# Supplied material:

↓

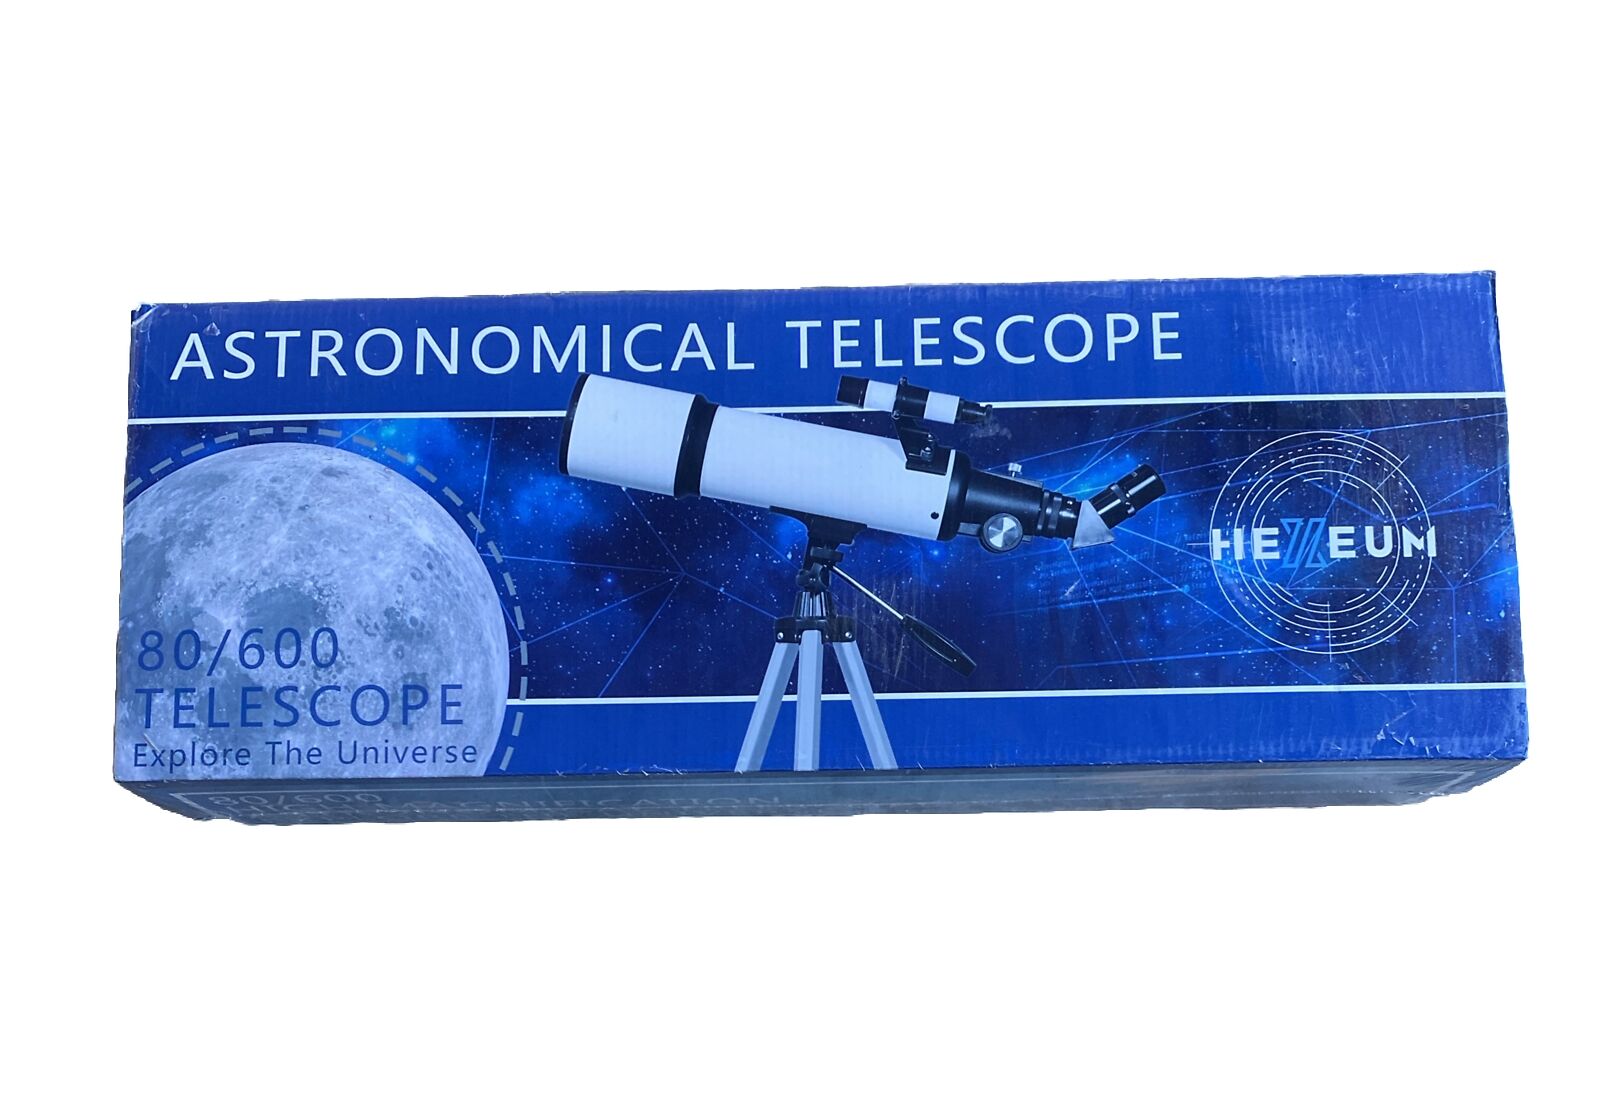 Hexeum Astronomical Portable Telescope 80mm Aperture 600mm w/ Carrying Case
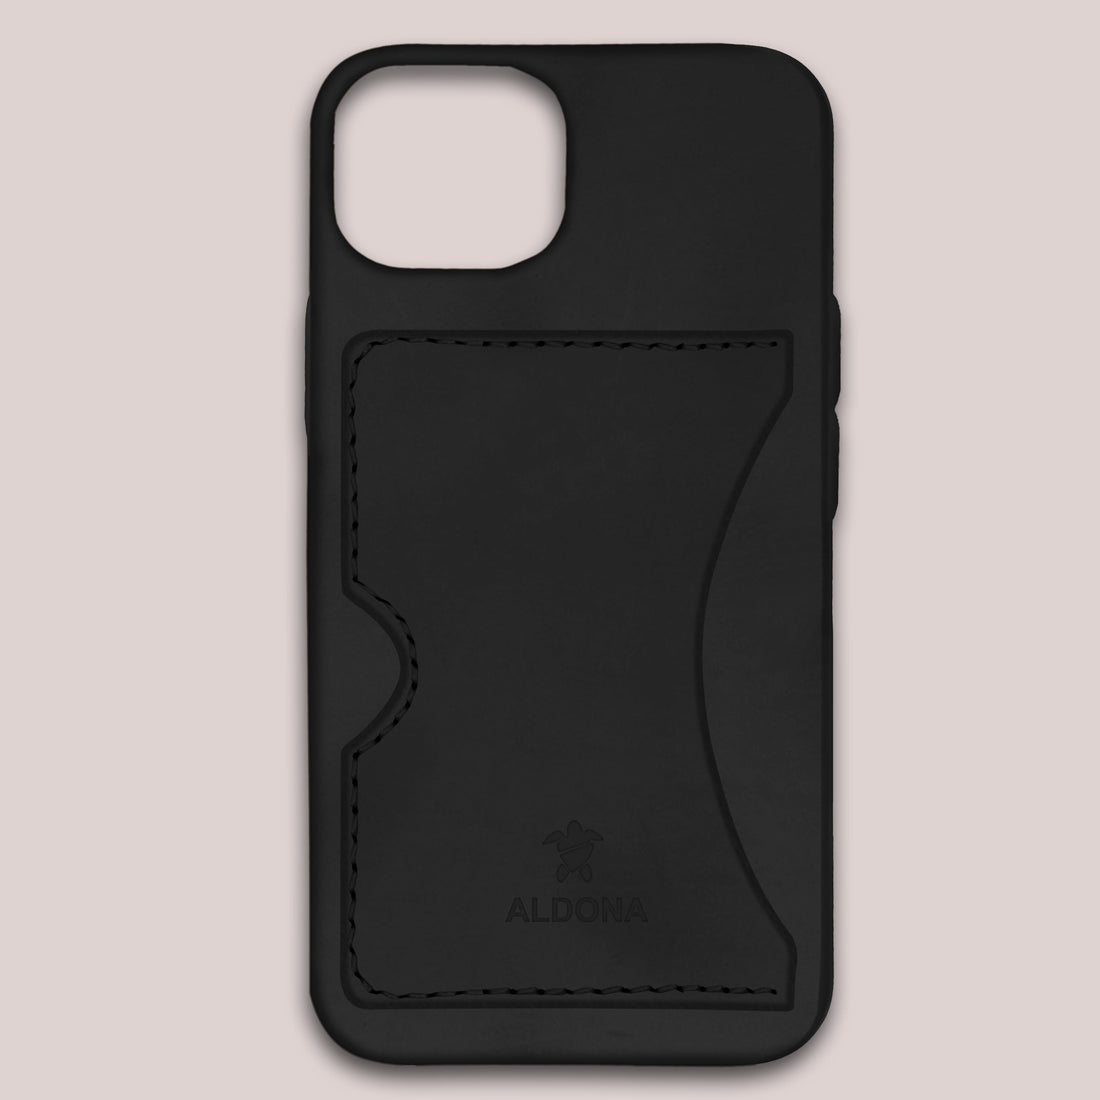 Baxter Card Case for iPhone 12 - Cognac
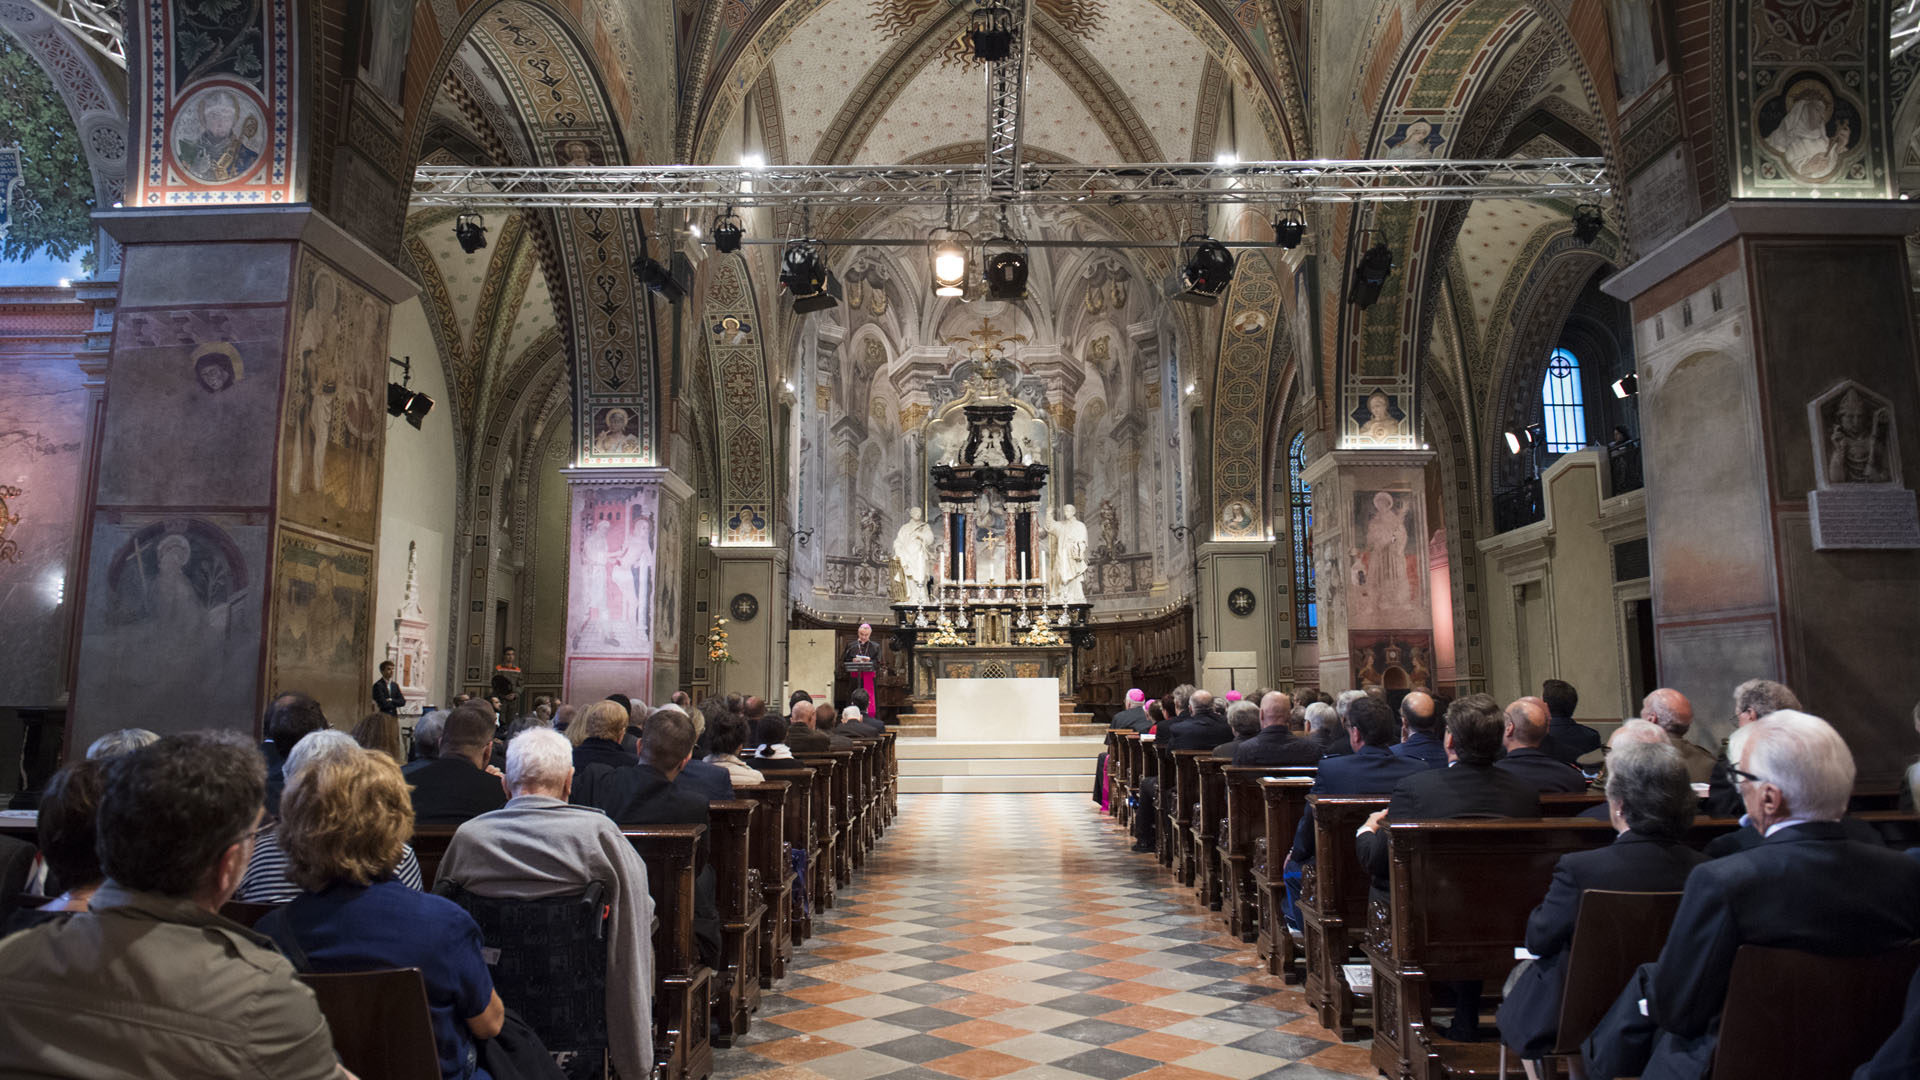 Lugano le 13 octobre 2017. Mgr Lazzeri, évêque de Lugano, a inauguré la cathédrale San Lorenzo de Lugano. | © Diocèse de Lugano 
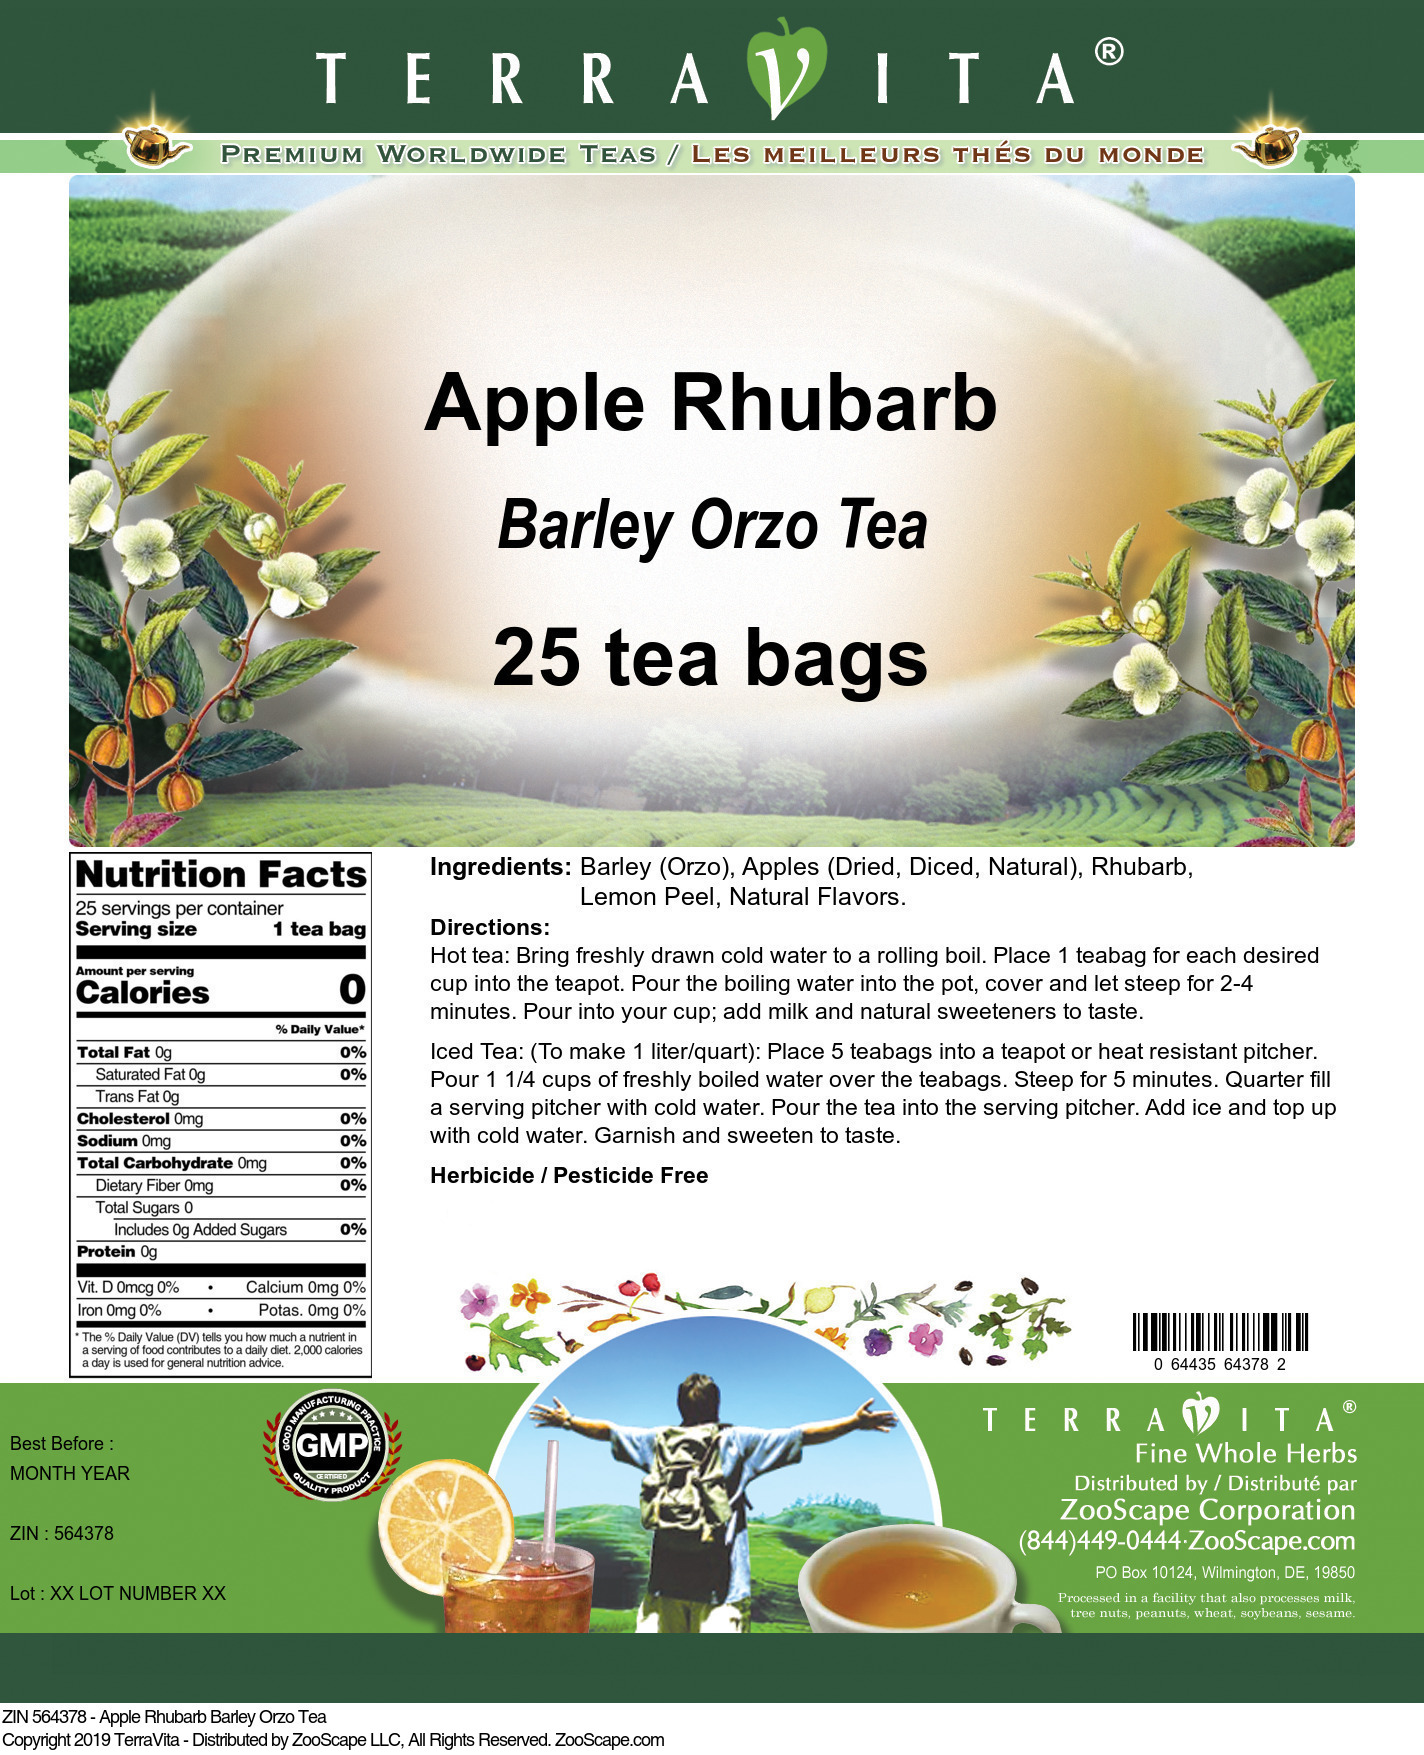 Apple Rhubarb Barley Orzo Tea - Label

↑

Except for the pictures, give the data again word for word.

# Answer space:
 Hexeum Astronomical Portable Telescope 80mm Aperture 600mm w/ Carrying Case
 Baxter Card Case for iPhone 12 - Cognac
 Lugano le 13 octobre 2017. Mgr Lazzeri, évêque de Lugano, a inauguré la cathédrale San Lorenzo de Lugano. | © Diocèse de Lugano 
 Apple Rhubarb Barley Orzo Tea - Label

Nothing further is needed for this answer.